Subrogation is a concept that's well-known in legal and insurance circles but rarely by the people they represent. If this term has come up when dealing with your insurance agent or a legal proceeding, it is to your advantage to understand the nuances of the process. The more knowledgeable you are, the more likely it is that relevant proceedings will work out favorably.
Every insurance policy you hold is an assurance that, if something bad occurs, the insurer of the policy will make restitutions in one way or another in a timely manner. If your home suffers fire damage, for example, your property insurance agrees to compensate you or pay for the repairs, subject to state property damage laws.
But since figuring out who is financially responsible for services or repairs is typically a heavily involved affair – and time spent waiting sometimes increases the damage to the victim – insurance companies often opt to pay up front and figure out the blame later. They then need a way to recover the costs if, when all the facts are laid out, they weren't in charge of the expense.
Can You Give an Example?
You go to the Instacare with a gouged finger. You hand the nurse your medical insurance card and he records your plan details. You get stitches and your insurer gets an invoice for the expenses. But the next day, when you arrive at your place of employment – where the accident happened – your boss hands you workers compensation forms to turn in. Your employer's workers comp policy is in fact responsible for the invoice, not your medical insurance company. It has a vested interest in getting that money back in some way.
How Subrogation Works
This is where subrogation comes in. It is the process that an insurance company uses to claim payment after it has paid for something that should have been paid by some other entity. Some companies have in-house property damage lawyers and personal injury attorneys, or a department dedicated to subrogation; others contract with a law firm. Under ordinary circumstances, only you can sue for damages to your person or property. But under subrogation law, your insurer is considered to have some of your rights in exchange for making good on the damages. It can go after the money originally due to you, because it has covered the amount already.
Why Do I Need to Know This?
For a start, if you have a deductible, your insurer wasn't the only one that had to pay. In a $10,000 accident with a $1,000 deductible, you lost some money too – to be precise, $1,000. If your insurer is lax about bringing subrogation cases to court, it might choose to recover its expenses by increasing your premiums. On the other hand, if it has a knowledgeable legal team and pursues them efficiently, it is doing you a favor as well as itself.
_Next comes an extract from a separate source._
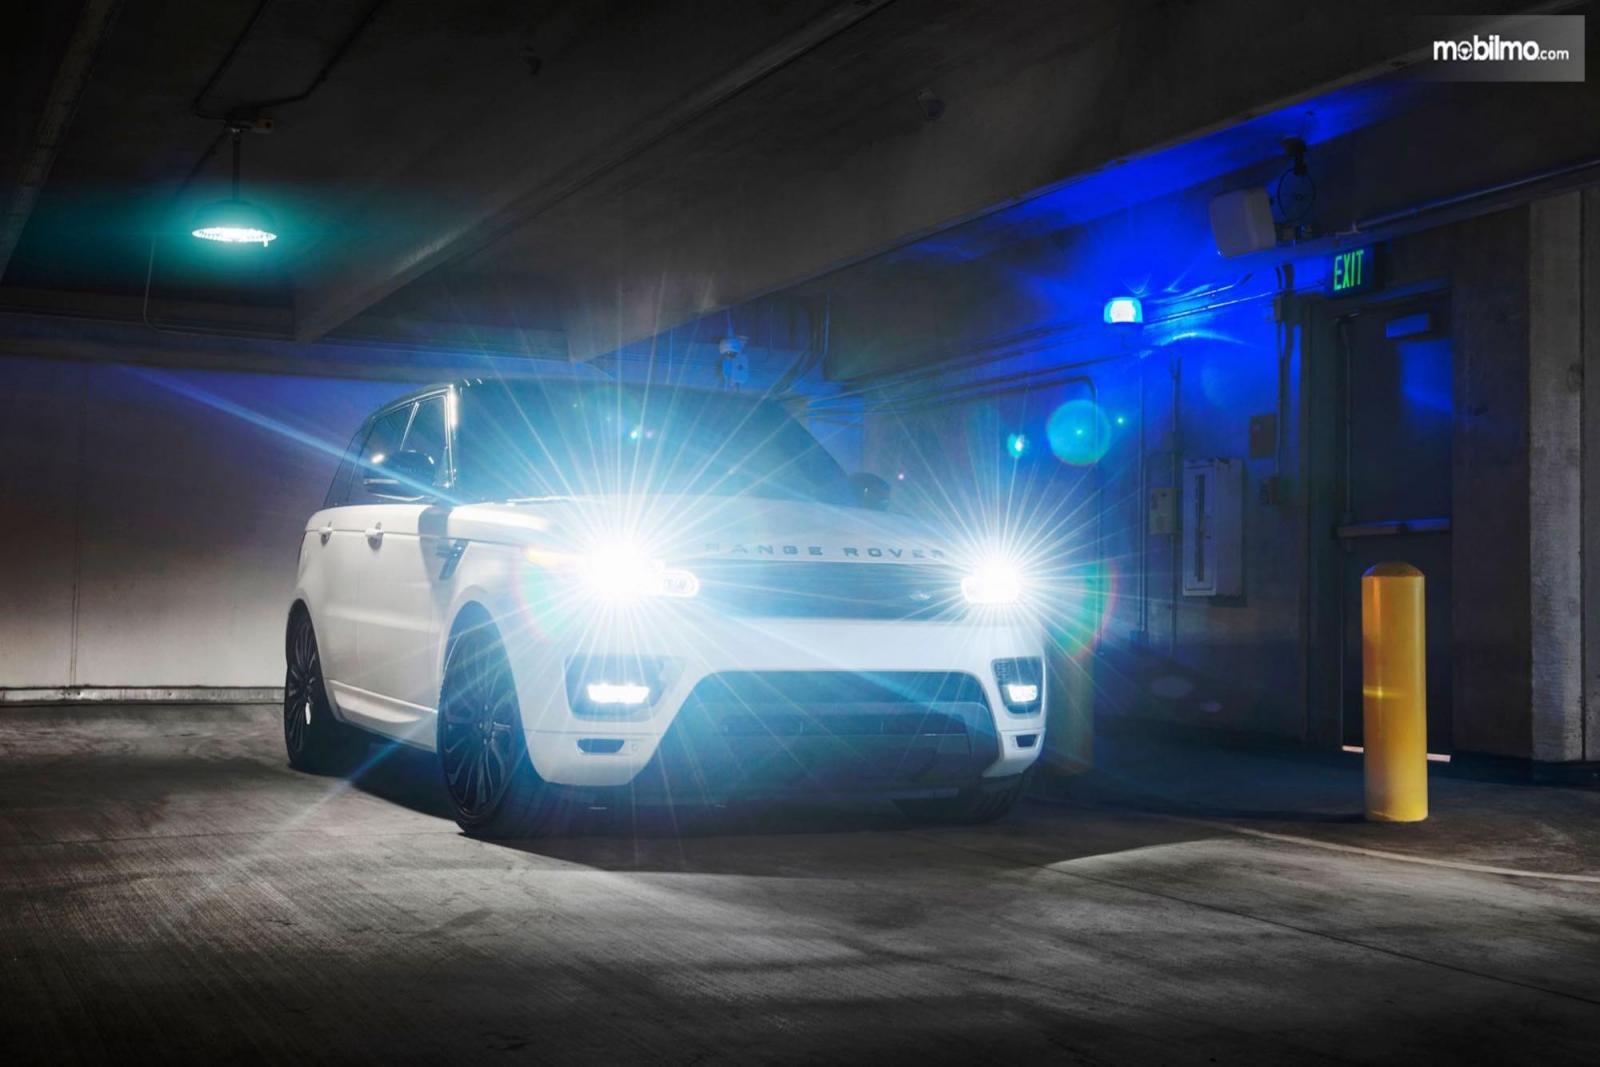 Foto menunjukkan Mobil dengan lampu bersinar

If all $10,000 is recovered, you will get your full deductible back. If it recovers half (for instance, in a case where you are found one-half accountable), you'll typically get $500 back, depending on your state laws.
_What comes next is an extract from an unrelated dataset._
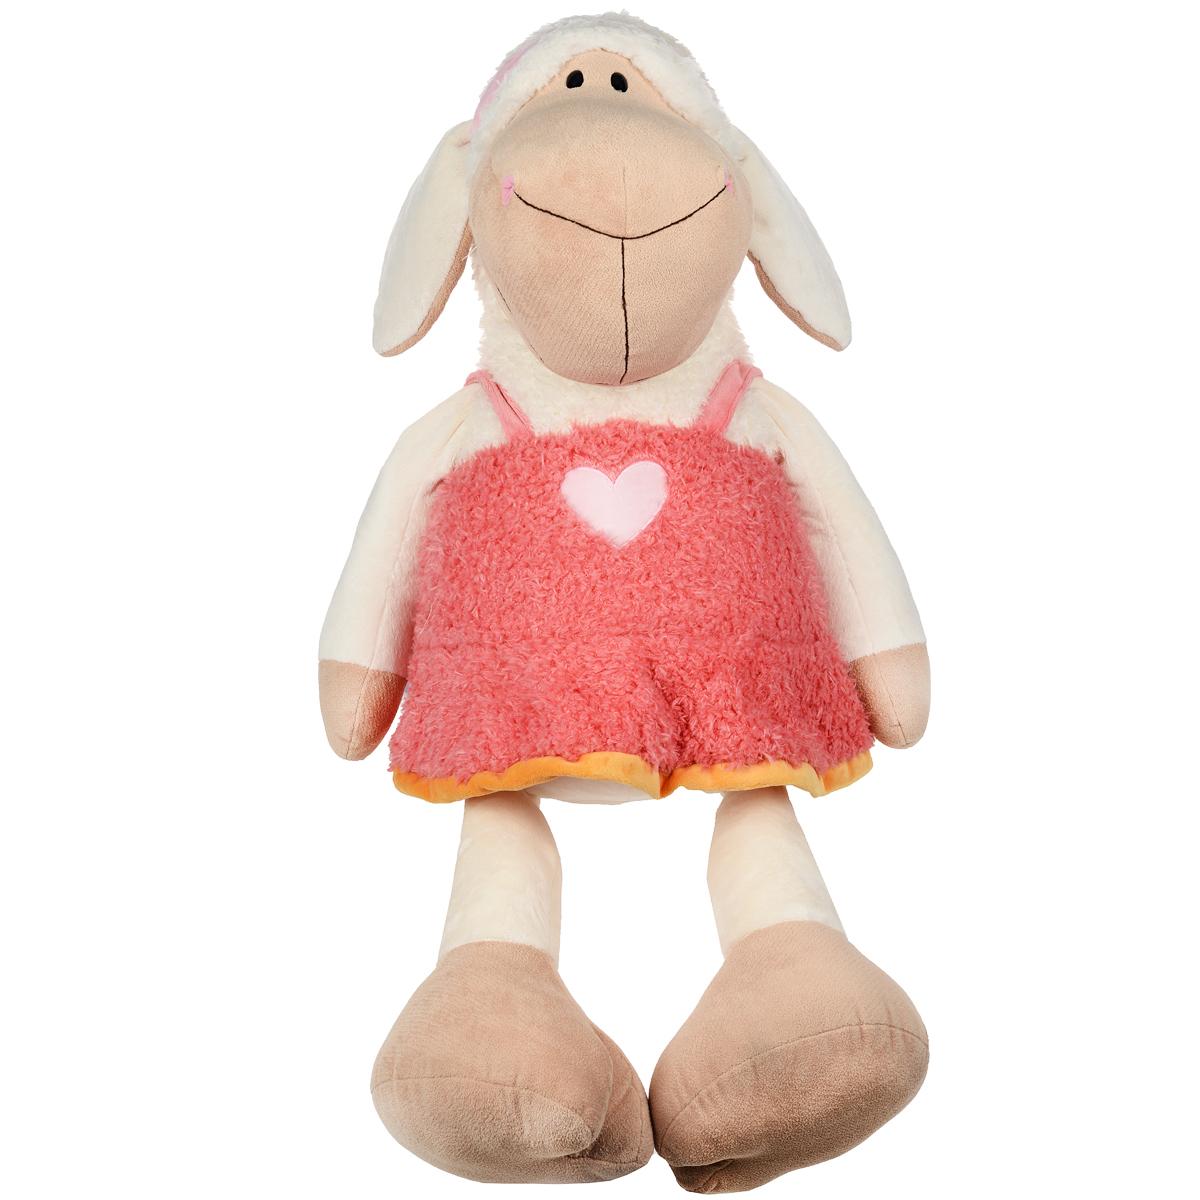 Мягкая игрушка Nici Овечка Фрэнсис, сидячая, 120 см36337Мягкая игрушка Nici Овечка Фрэнсис подарит вашему ребенку много радости и веселья! Она выполнена из мягкого плюша с набивкой из синтепона в виде симпатичной овечки-девочки в розовом сарафанчике и повязкой на голове. Игрушка удивительно приятна на ощупь. Чудесная мягкая игрушка принесет радость и подарит своему обладателю мгновения нежных объятий и приятных воспоминаний.

Furthermore, if the total cost of an accident is over your maximum coverage amount, you could be in for a stiff bill. If your insurance company or its property damage lawyers, such as employment lawyer salem ut, pursue subrogation and wins, it will recover your expenses in addition to its own.
All insurance agencies are not the same. When comparing, it's worth looking up the reputations of competing companies to determine if they pursue legitimate subrogation claims; if they resolve those claims with some expediency; if they keep their customers posted as the case goes on; and if they then process successfully won reimbursements right away so that you can get your funding back and move on with your life. If, on the other hand, an insurance firm has a record of honoring claims that aren't its responsibility and then safeguarding its income by raising your premiums, you'll feel the sting later.